Вскоре в лаборатории штабелями стояли коробки с рентгеновскими снимками. В них были результаты анализов – россыпь черных точек, разобраться в которых не мог никто, кроме него. Для Вёзе они были частями головоломки, которую надо было сложить в одно целое. Он с огромным трудом одолевал одну последовательность за другой. Так проходили месяцы и годы. Через десять лет были проанализированы рРНК примерно двух десятков различных живых существ. По сравнению с огромным количеством их видов это была мелочь, не заслуживающая внимания. Тем временем Вёзе исполнилось 47 лет, а он еще не опубликовал никаких результатов, не выступил ни с одним докладом ни на совещаниях, ни на конференциях. Большинство ученых игнорировали его работу, а те, кто знал его лично, отзывались о нем как о странном чудаке и беспочвенном мечтателе.
Но в 1967 году его посетила добрая фея.
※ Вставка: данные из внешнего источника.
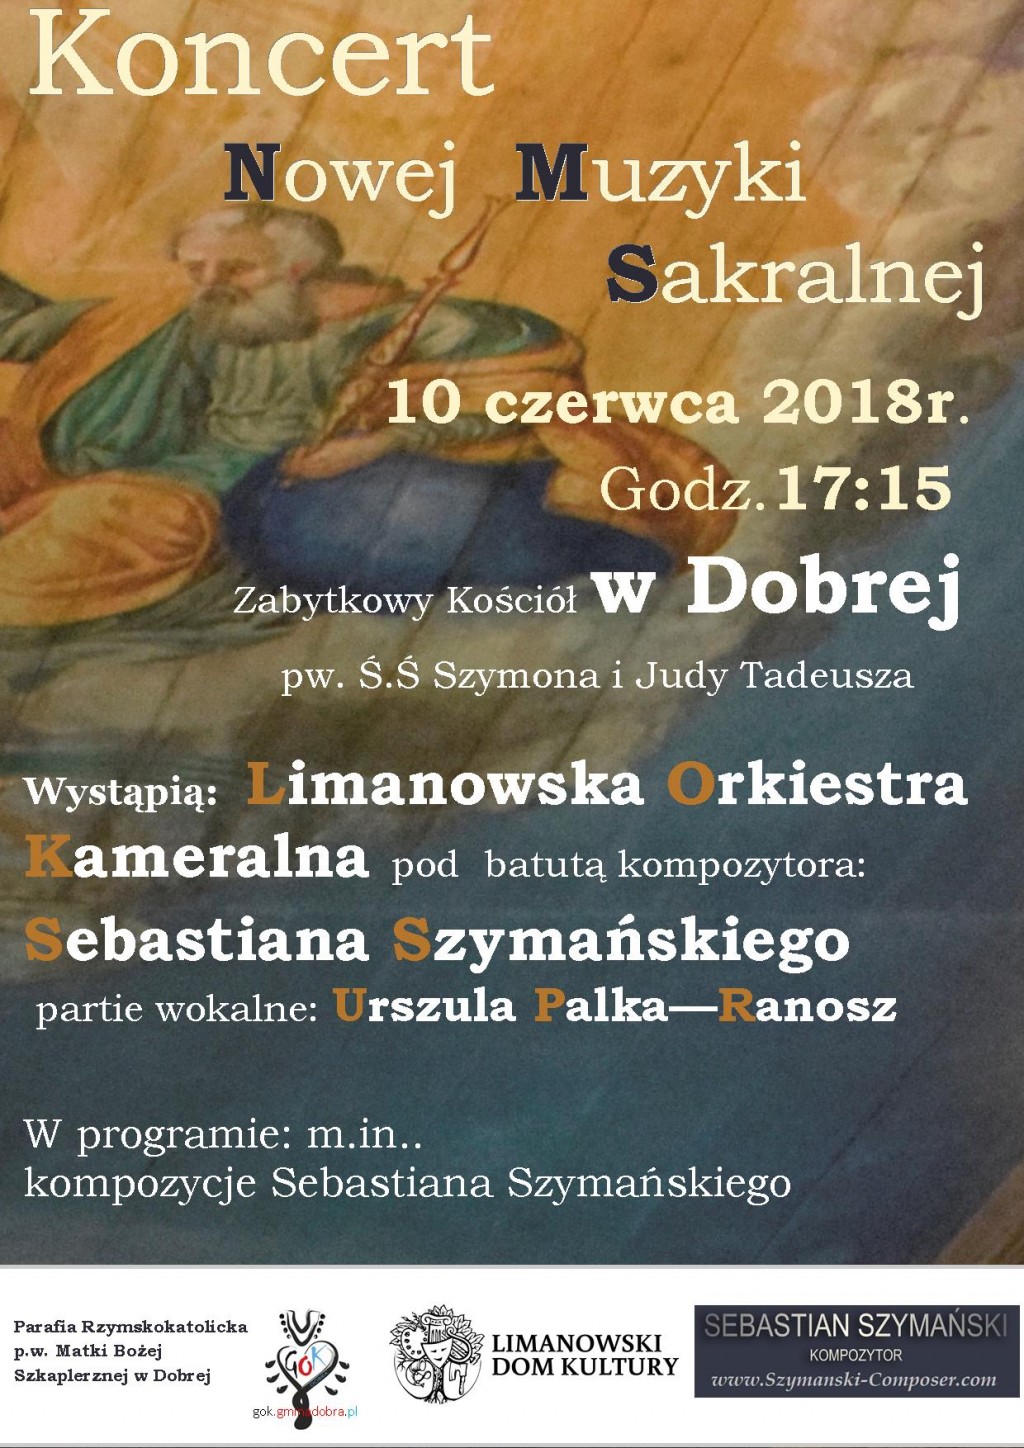 Koncert Limanowskiej Orkiestry Kameralnej - 10 czerwca 2018 r.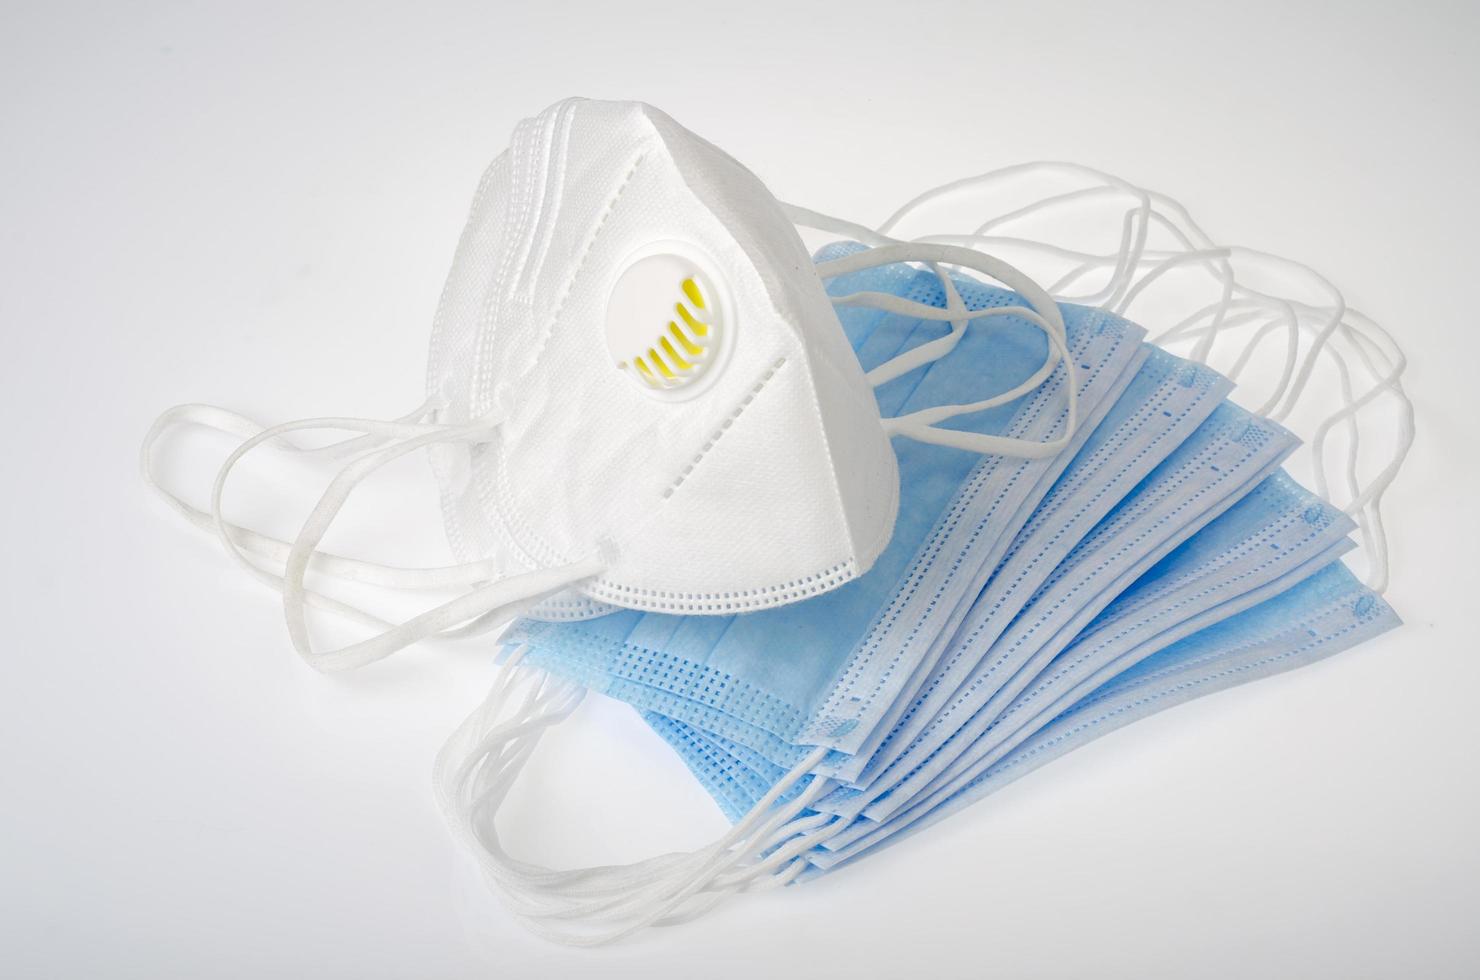 masques médicaux jetables bleus et respirateurs blancs - protection contre le coronavirus photo

Она предстала в облике коллеги Ральфа Уолфа, который работал с метаногенными бактериями в одном из кабинетов поблизости. Эти организмы во многом отличаются от своих сородичей, так как производят метан, не переносят кислород и проживают в местах, далеких от привычных туристических троп, – в очистных сооружениях городской канализации и в коровьем кишечнике. Уолф попросил изучить рРНК этих маленьких вонючек, и Вёзе согласился. Полученные результаты были уникальны. Он повторил эксперимент, но итог оказался таким же. Что бы это могло значить? И тут к нему пришло просветление. Судя по ощущениям, свет исходил не от обычной лампочки, а от прожектора на 500 ватт.
Вёзе, которому не свойственны были эмоциональные проявления, помчался к Уолфу и закричал:
– Метаногены – это не бактерии!
– Разумеется, бактерии, – невозмутимо ответил коллега.
Но Вёзе не успокаивался. Он начал объяснять Ральфу Уолфу суть своего открытия, а тот становился все бледнее.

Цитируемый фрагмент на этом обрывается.